【暗闇と想像力】現代の家になくなった暗闇。暗闇こそが想像力を育てる。
昔の家はどこも便所が居室から離れた場所にあった。「御不浄」という呼び方もあったぐらいだから、居室の近くには作りたくなかったのだろう。多くは外に作られたし、長い廊下を歩いた突き当たりに作られるのが一般的だった。そんなわけで子どものころ、田舎の家では便所に行くのが怖かった。特に夜の便所の怖さは尋常ではなく、雨など降っていようものならギリギリまで便所に行くのを我慢したものだ。
昔の家にはあちこちに暗がりがあった。そして古い日本家屋は内と外の境界線が極めてあいまいだ。外と居室を仕切るものは薄い障子だけ。夏ともなればすべて開け放して人間は蚊帳に逃げ込む。だから暗がりに得体の知れぬものが潜んでいるような気がしてならなかった。便所の窓から何かが覗いている、下から何かが出てくる、暗がりの先で何かにさらわれる、そんな恐ろしいことをいやでも想像してしまうような雰囲気が昔の家にはあった。
暗闇は想像力をかきたてる。だから怪談や妖怪映画にもリアリティーがあった。昔、映画館で「妖怪百物語」を観た夜など心底怖くて布団を頭までかぶって震えながら寝たものだ。ところが現代の家や街中には暗闇というものがほとんどない。どこへ行っても煌々と明るく、暗い場所もスイッチひとつで隅々までよく見える。

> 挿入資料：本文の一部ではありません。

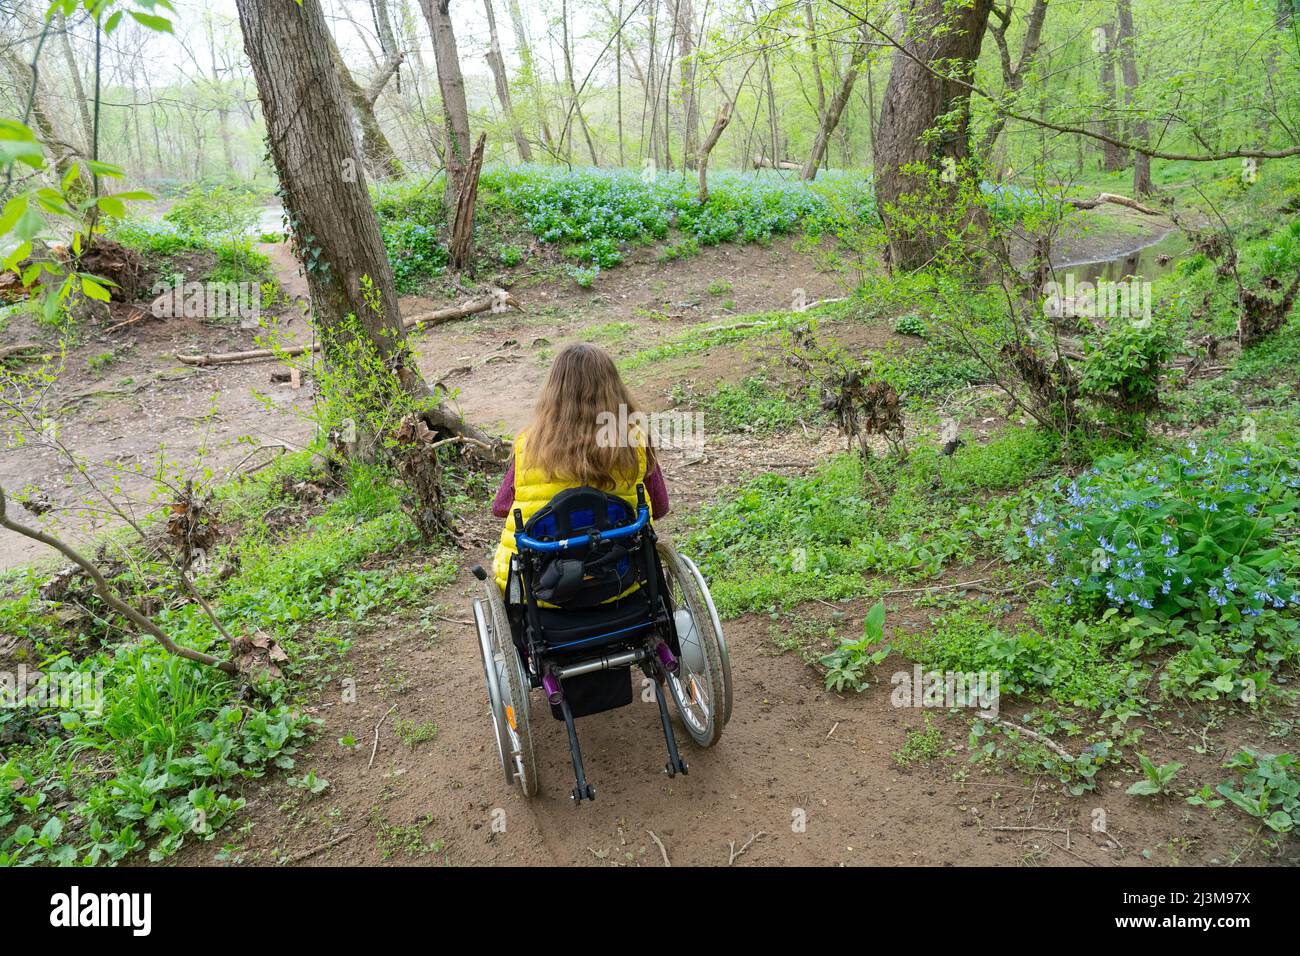 Fille en fauteuil roulant sur un sentier accidenté pour explorer les fleurs sauvages au bord du fleuve Potomac; Cabin John, Maryland, États-Unis d'Amérique Banque D'Images

こういう環境で育つと、想像力が育ちにくいのではないかと思う。夜の怖さ、闇の不気味さ、雨や風のもたらす不安、逆に明るい陽の光のありがたさ、火の恩恵といったものを幼少期に感じるのとそうでないのとでは、想像力の発達に差が生まれるような気がするのだが、いかがだろうか。